New media and social media should be moving into this phase, based on the overall usage and penetration of these forms of media (Gottfried and Shearer, 2016), but the rapid expansion of social media into the public sphere has left many researchers playing catch-up with  a technology that is moving faster than the academy can track it, and social media (and new media) present many specific technological challenges to conducting research into its content.

Most researchers conducting content analysis into the news media either collect physical examples, or use one of the standardised archives of news content (for newspapers this is usually Nexis, which archives the textual content of thousands of newspapers worldwide, and is readily accessible to most academic researchers). Broadcast media is more complicated, requiring the setting up of recording of broadcast shows, but still technologically straightforward. (Berger, 2011; Löffelholz and Weaver, 2008). Social media research methods are neither standardised, nor technologically straightforward and this presents specific challenges.

To start with, there is the problem of boundaries – how does one determine what social media content is news, and what is not? This is a more nuanced discussion than this paper has scope to consider, but it ties in to the fundamental collapse of professional boundaries which is the hallmark of the new and social media age (Gant, 2007; Knight and Cook, 2013).
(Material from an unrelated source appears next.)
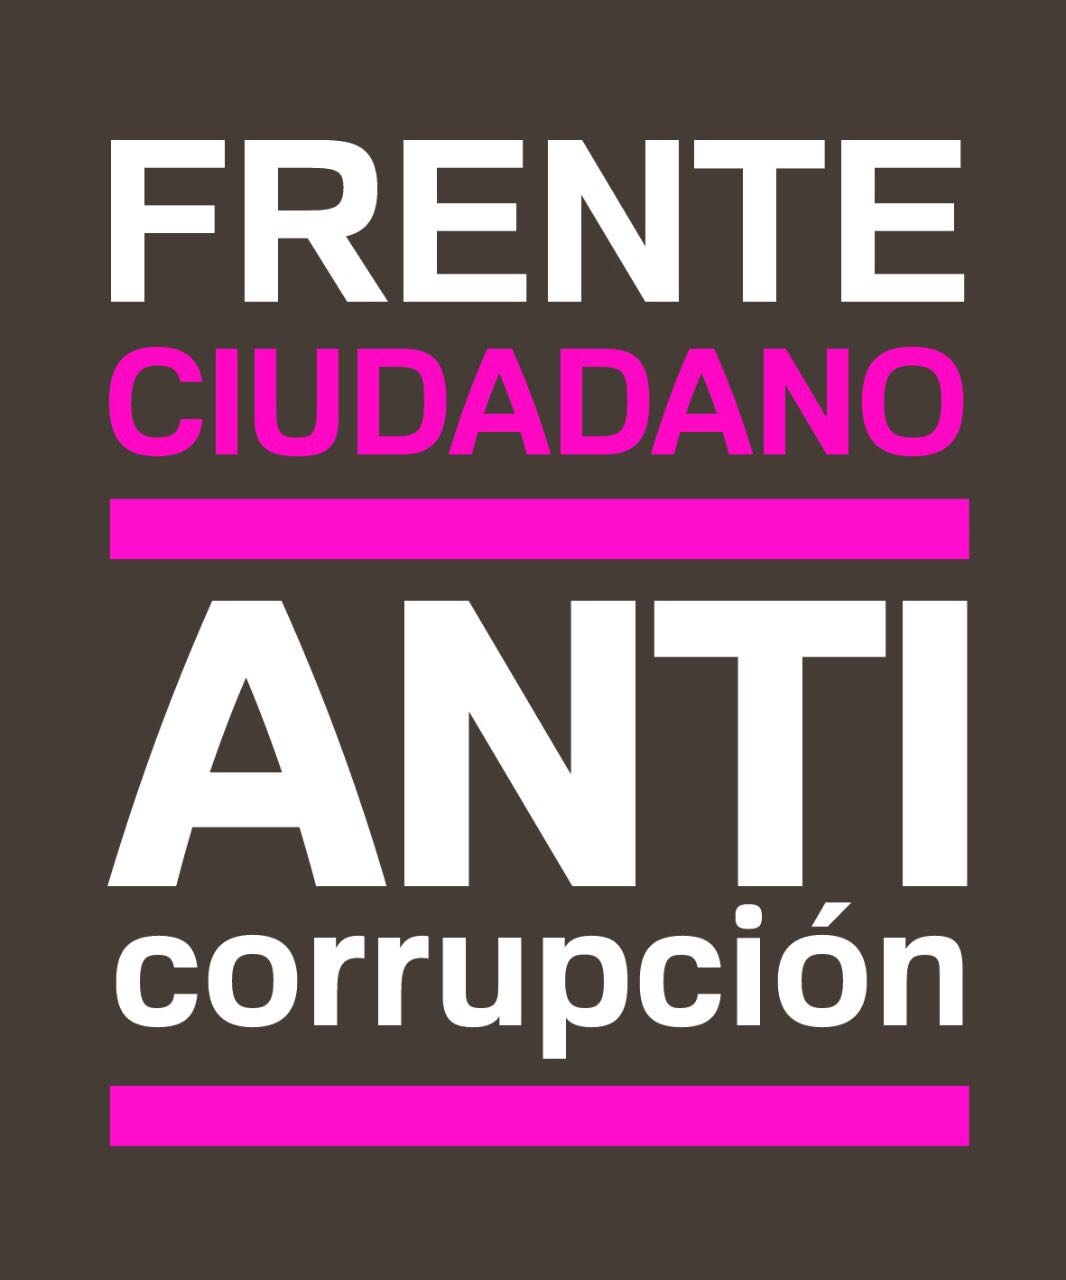  Frente Anticorrupción da seguimiento a denuncias ante Fiscalía

The second challenge is technological – how do you access and store social media content. Research requires that content be fixed and accessible, in order to allow for repeated viewings and analysis, and social media is by its nature fleeting and impermanent.

Social media sites allow for public viewing of content, but control the platform through which the content is viewed, and seldom allows for storage of content for later consumption or analysis. Social media companies grant more extensive access to the platform through an application programming interface (API) which allows for software tools to be written which can access and download the content for analysis. Different companies offer different facilities through their API, and many of them control access or charge for it, considering access to the raw and customisable data feed of social media as economic product.
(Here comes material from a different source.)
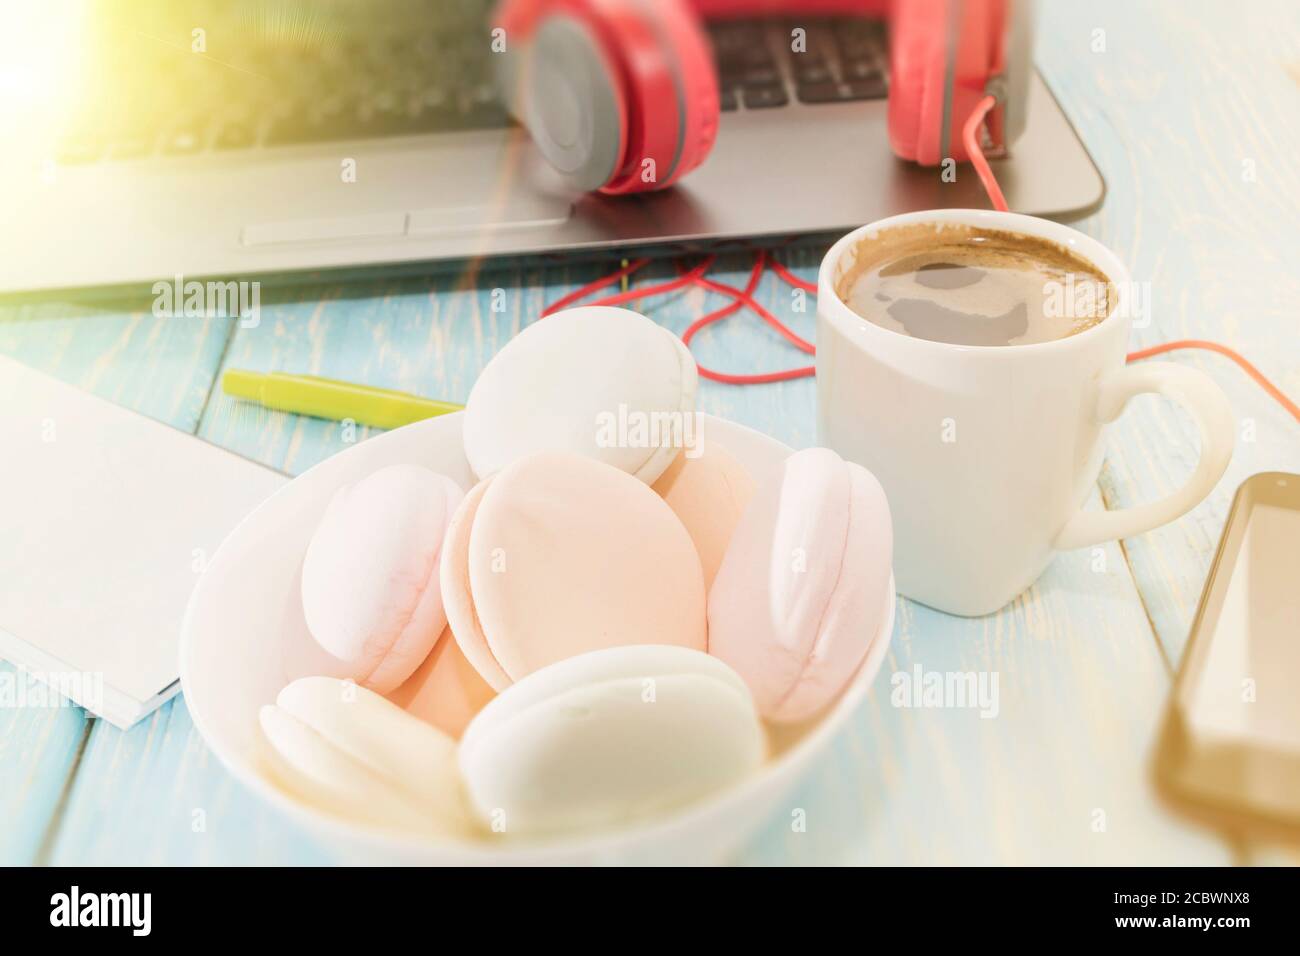 Il marshmallow è accanto al telefono e le cuffie rosse e una tazza di caffè nero. Pausa caffè. Musica piacevole. Foto Stock

The API is a fairly simple tool to use, but few media researchers have any programming skills. It will take a generation before knowledge of programming languages and the ability to write applications to access and analyse data becomes standard within media studies, and this makes researching social media more expensive and time-consuming than analysing more traditional forms. However, this is a problem, given that, increasingly, the news media is on social media, and for researchers who are interested in how the public use, view and engage with the news, social media research skills are fundamental.

Researching social media: the basics: beyond Twitter

Social media is generally accessed through a combination of search and the API, which allows for download and storage of the results of those search functions. Twitter has the most public search (most content is publicly viewable and open to search) and the most publicly accessible API of the main social media sites.  Twitter allows for any user to use the API to access and store content, up to seven days prior to the date of search, and with a limit of several thousand (the limits vary according to load and are not fixed)  (Twitter, n.d.). Because of this, several fairly simple tools are available to allow researchers to access and store data, such as Martin Hawksey’s TAGS service (Hawksey, 2013), and because of the accessibility both of Twitter content and the tools to store it, Twitter is by far the most researched social medium.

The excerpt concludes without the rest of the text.